Introducing children to maths concepts through literacy using a picture book format is a great way to involve and engage them in reading, maths discourse and purposeful maths activities.
They encourage pupils to solve real-life problems, thinking about how they could help the characters in the story and provide a rich environment for thinking in more depth about different areas of maths.
Oxford University Press has come up trumps with a new collection of books, illustrated by Tony Neal, using fun and friendly animals to teach children about height, weight, position and capacity.
The four titles available are ‘Hop On Top, Mouse!’, ‘Too Heavy, Elephant!’, ‘Take A Leap, Sheep!’ and ‘Squeeze In, Squirrel!’, with topics and vocabulary based on the Early Years Foundation Stage framework for maths.
What the books do is provide a highly amusing context that will hook children’s attention and get them talking about maths and act as a springboard for getting hands-on.
Each title keeps it simple by focusing on one key concept and uses animal characters to bring a problem to life.

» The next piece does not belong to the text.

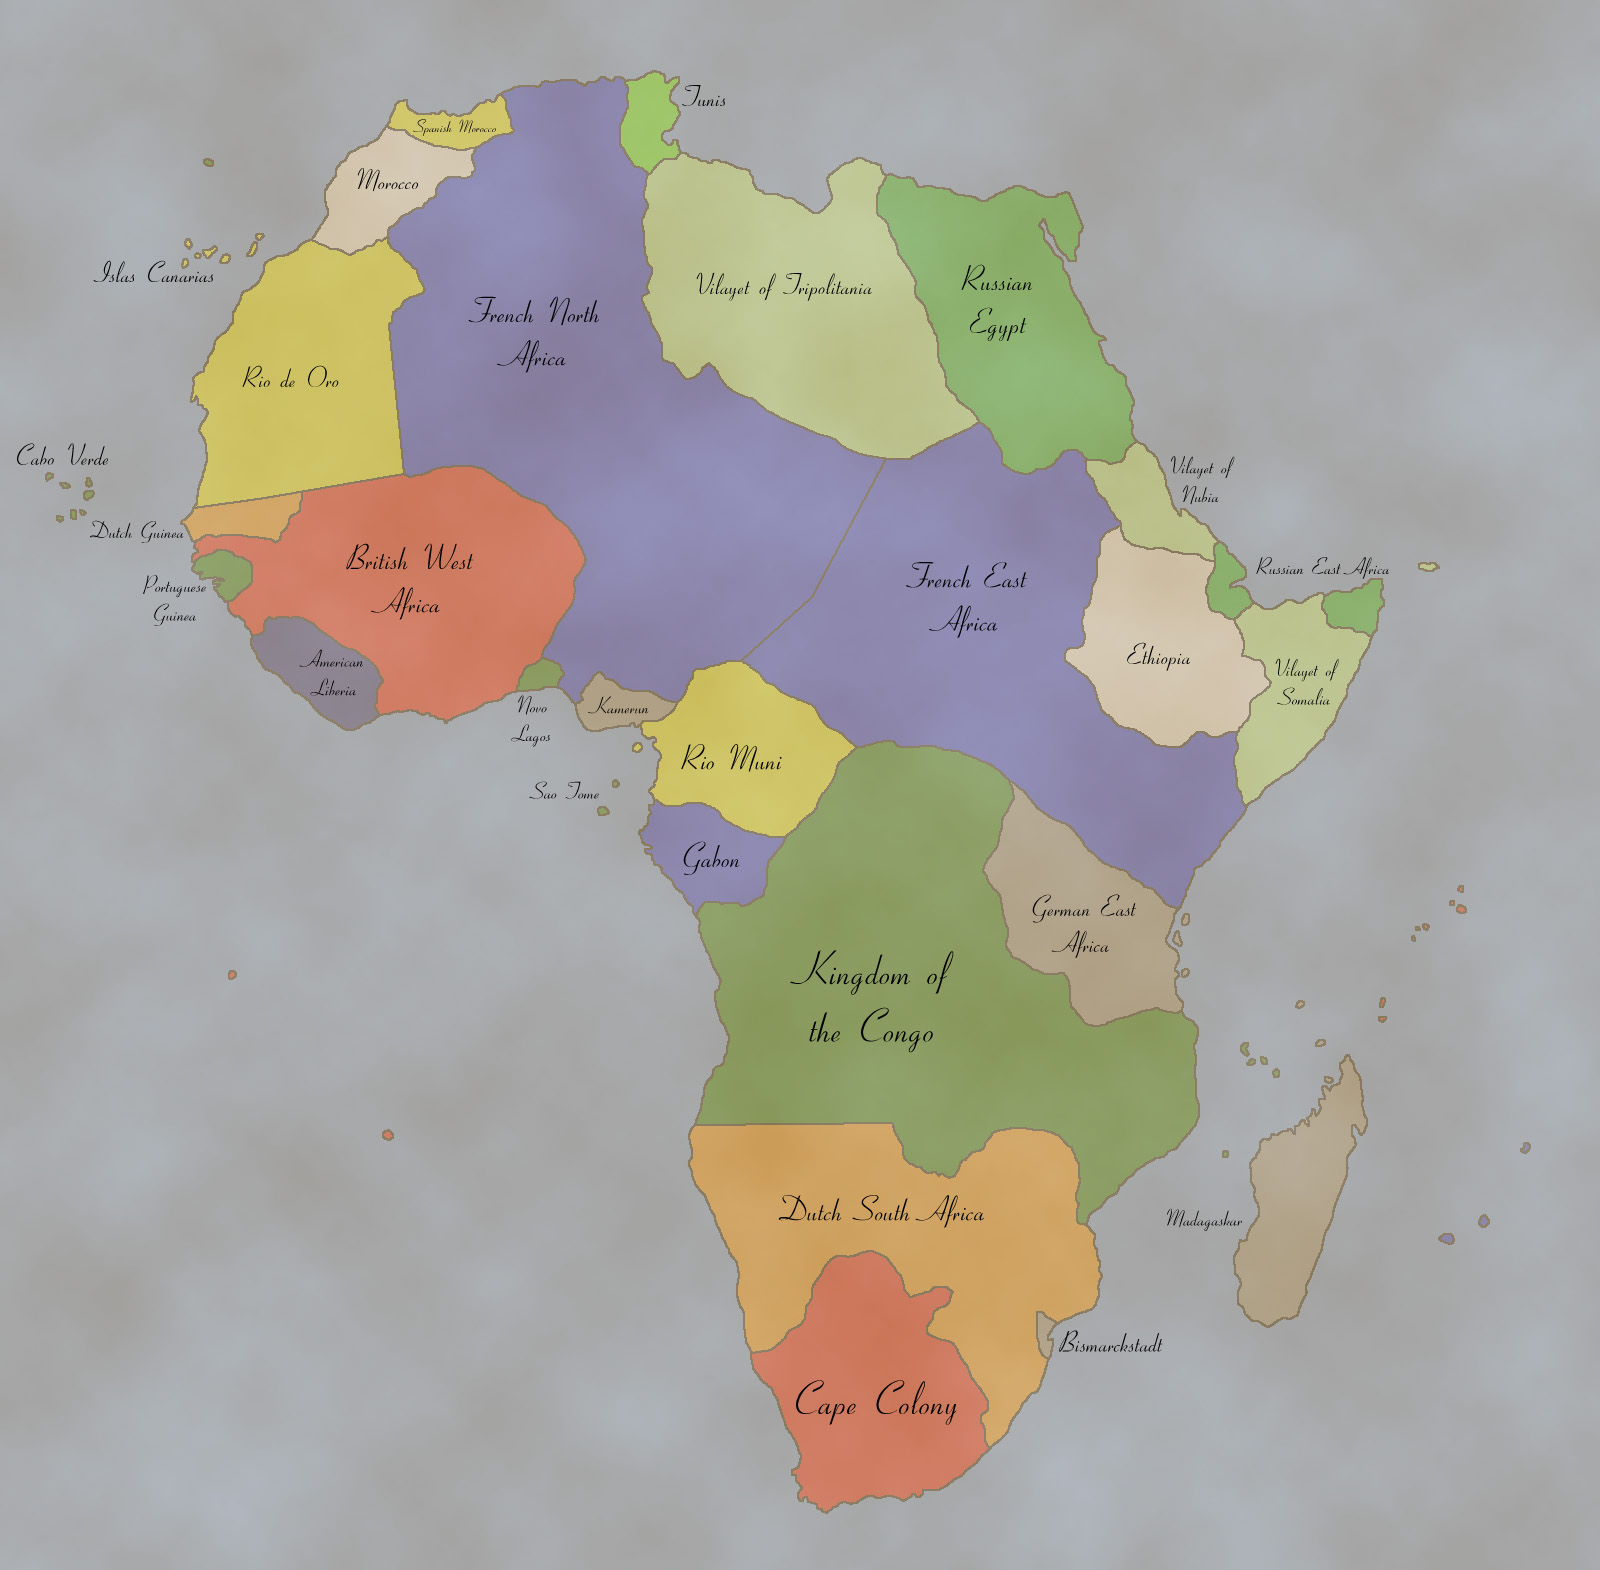 Africa_Map_Challenge.jpg

This is cleverly done because the stories arrest readers’ interest, sustains it and then leads them into a variety of meaningful activities based on the topic covered.
The extension ideas included at the end of each story are also perfect for sharing with families to encourage mathematical thinking at home.
For example, in one story an elephant is too heavy to play with a mouse on the seesaw. How can their friends help?
In another story, some animals all want to go on the Ferris wheel but there’s a fence in the way. If the sheep can’t climb over it, go under it or fit through it, what’s the solution?
Each title has gorgeous illustrations full of colour, energy and fun that will appeal to everyone and promote a lot of discussion and provide rich opportunities to build not only literacy skills, but also maths understanding.
With maths concepts woven into the pictures and storylines, these books promote children’s mathematical thinking and introduce foundational maths concepts in an effortless way.
Asking questions and making observations about the maths found in the picture books readily supports children’s curiosity and enjoyment of maths.
All the books serve as brilliant entry points into exploring maths concepts in different ways and so give children brilliant opportunities to relate their experiences to the characters in the books.
They also help children ask plenty of questions that go beyond the stories and so act as important stepping stones in conceptual understanding.
These are enjoyable and intellectual adventures for children to get excited about that will spark great conversations and maths moments.
Teaching maths and fostering the love for the subject through picture book storytelling can be a powerful strategy and OUP have come up trumps with this brilliant collection.
They allow children to become emotionally invested in what they read and become fully immersed in the context in which maths topics are meaningfully embedded in and concepts suddenly become alive.
These are well-written, superbly illustrated, creative and highly effective which will give children exciting opportunities to develop both mathematical and linguistic abilities in parallel.